# Extracted information:
_ _ _ _
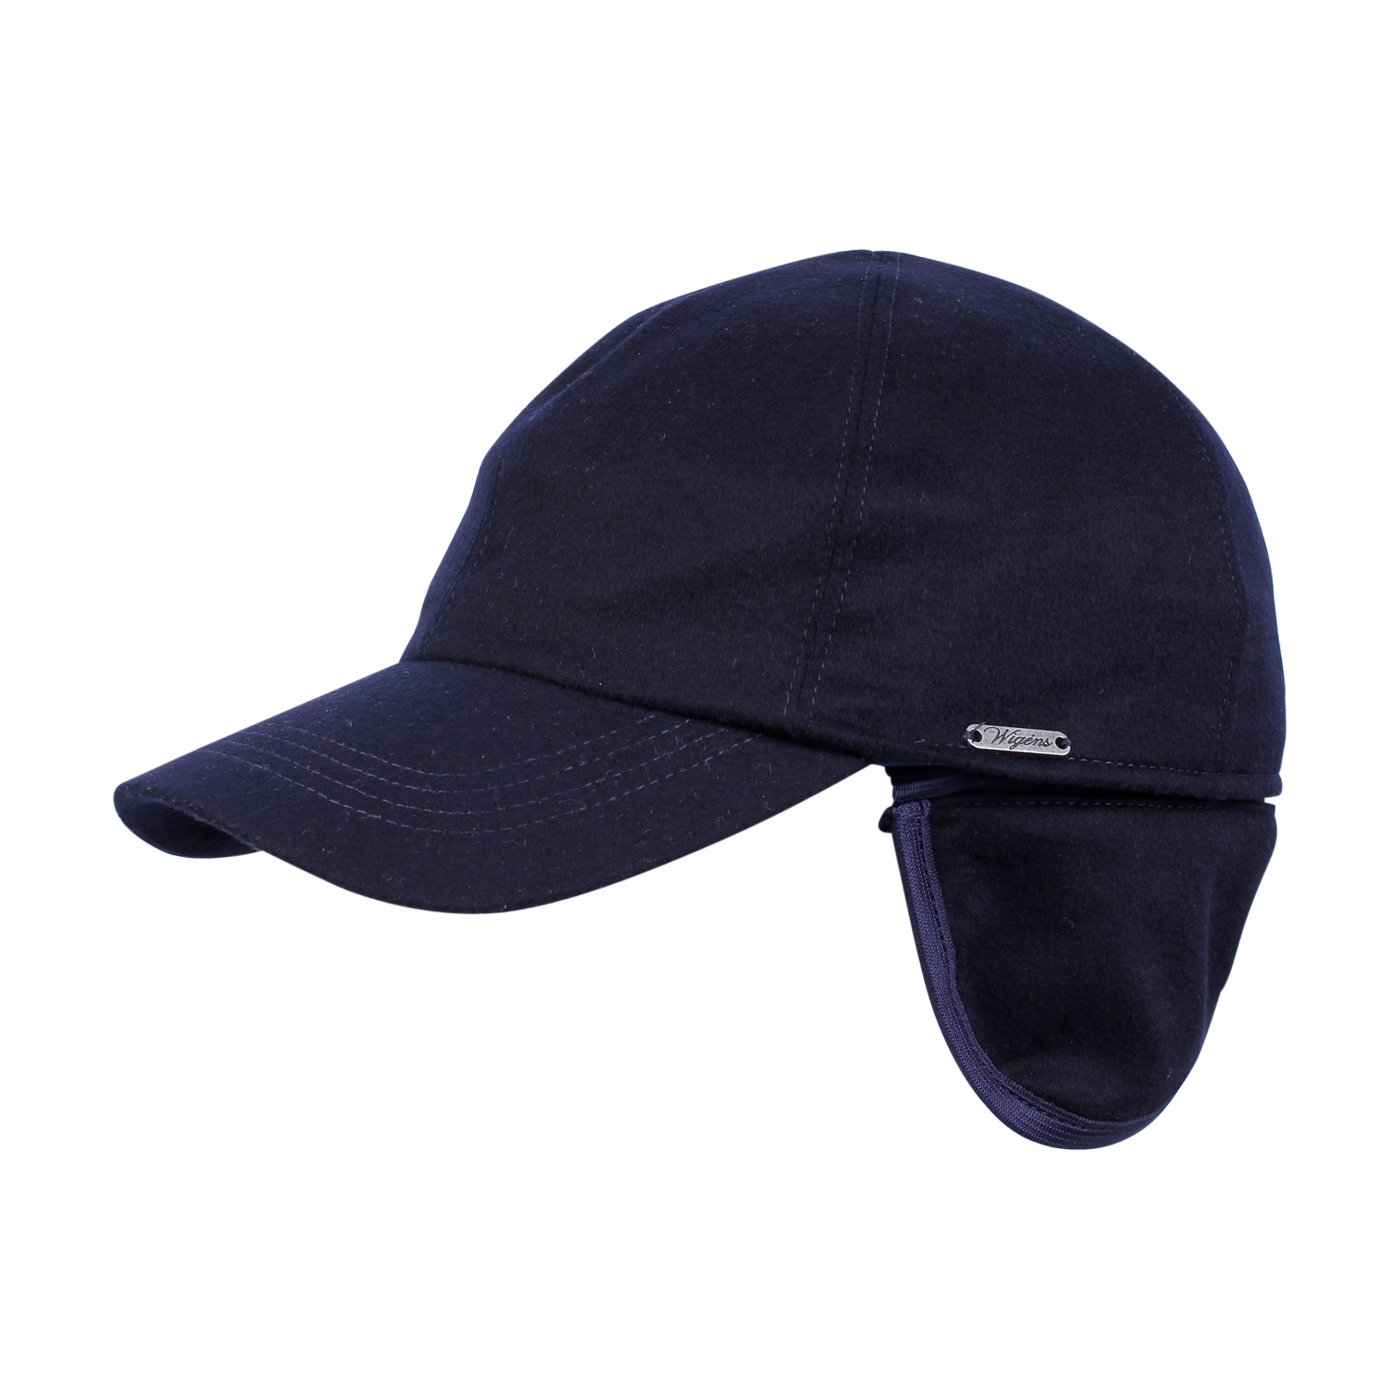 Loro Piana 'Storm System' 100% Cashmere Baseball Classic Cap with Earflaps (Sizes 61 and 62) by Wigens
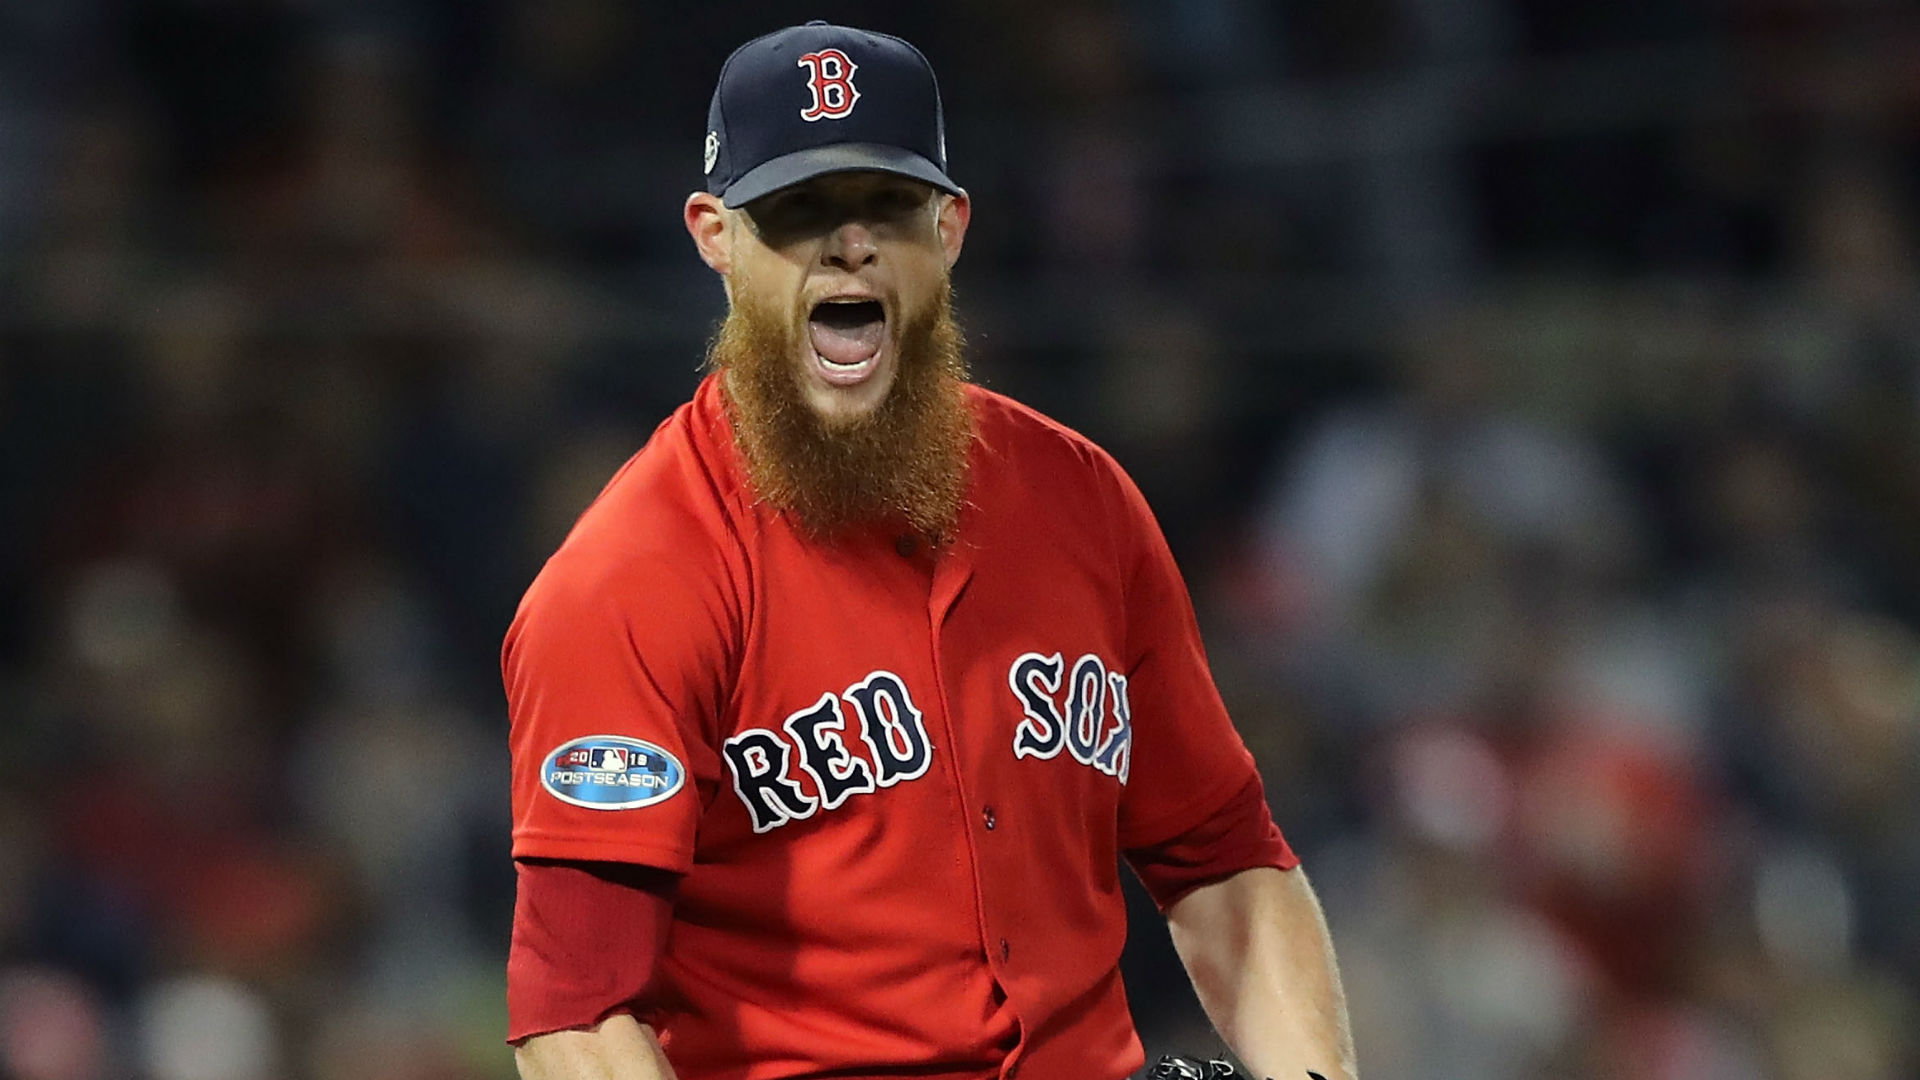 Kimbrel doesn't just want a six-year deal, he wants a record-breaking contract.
_ _ _ _
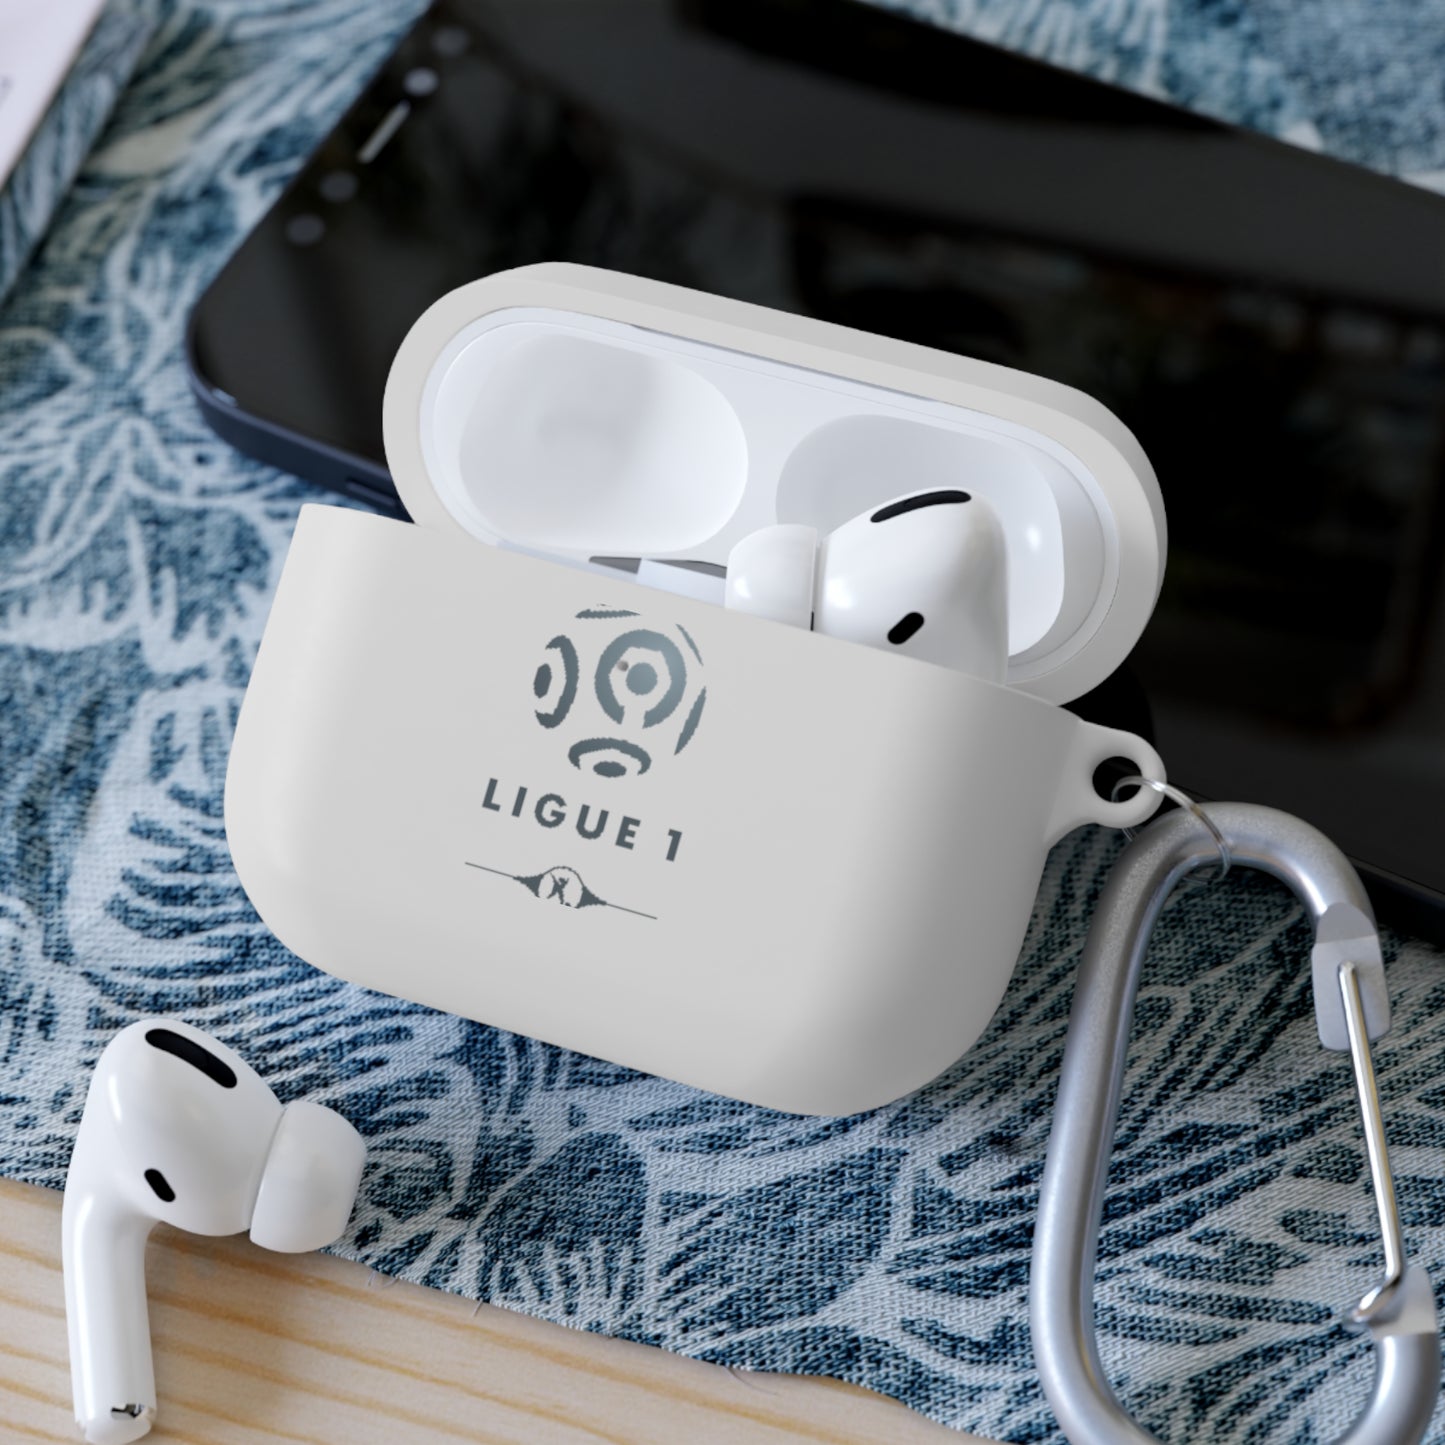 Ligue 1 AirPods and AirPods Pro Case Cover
_ _ _ _
# Description of the task:
Leaving out all pictures, set down exactly the lines of the material above, from the line with "Loro Piana 'Storm" to the line with "Kimbrel doesn't just" inclusive, and no others.

# Response to the exercise:
 Loro Piana 'Storm System' 100% Cashmere Baseball Classic Cap with Earflaps (Sizes 61 and 62) by Wigens
 Kimbrel doesn't just want a six-year deal, he wants a record-breaking contract.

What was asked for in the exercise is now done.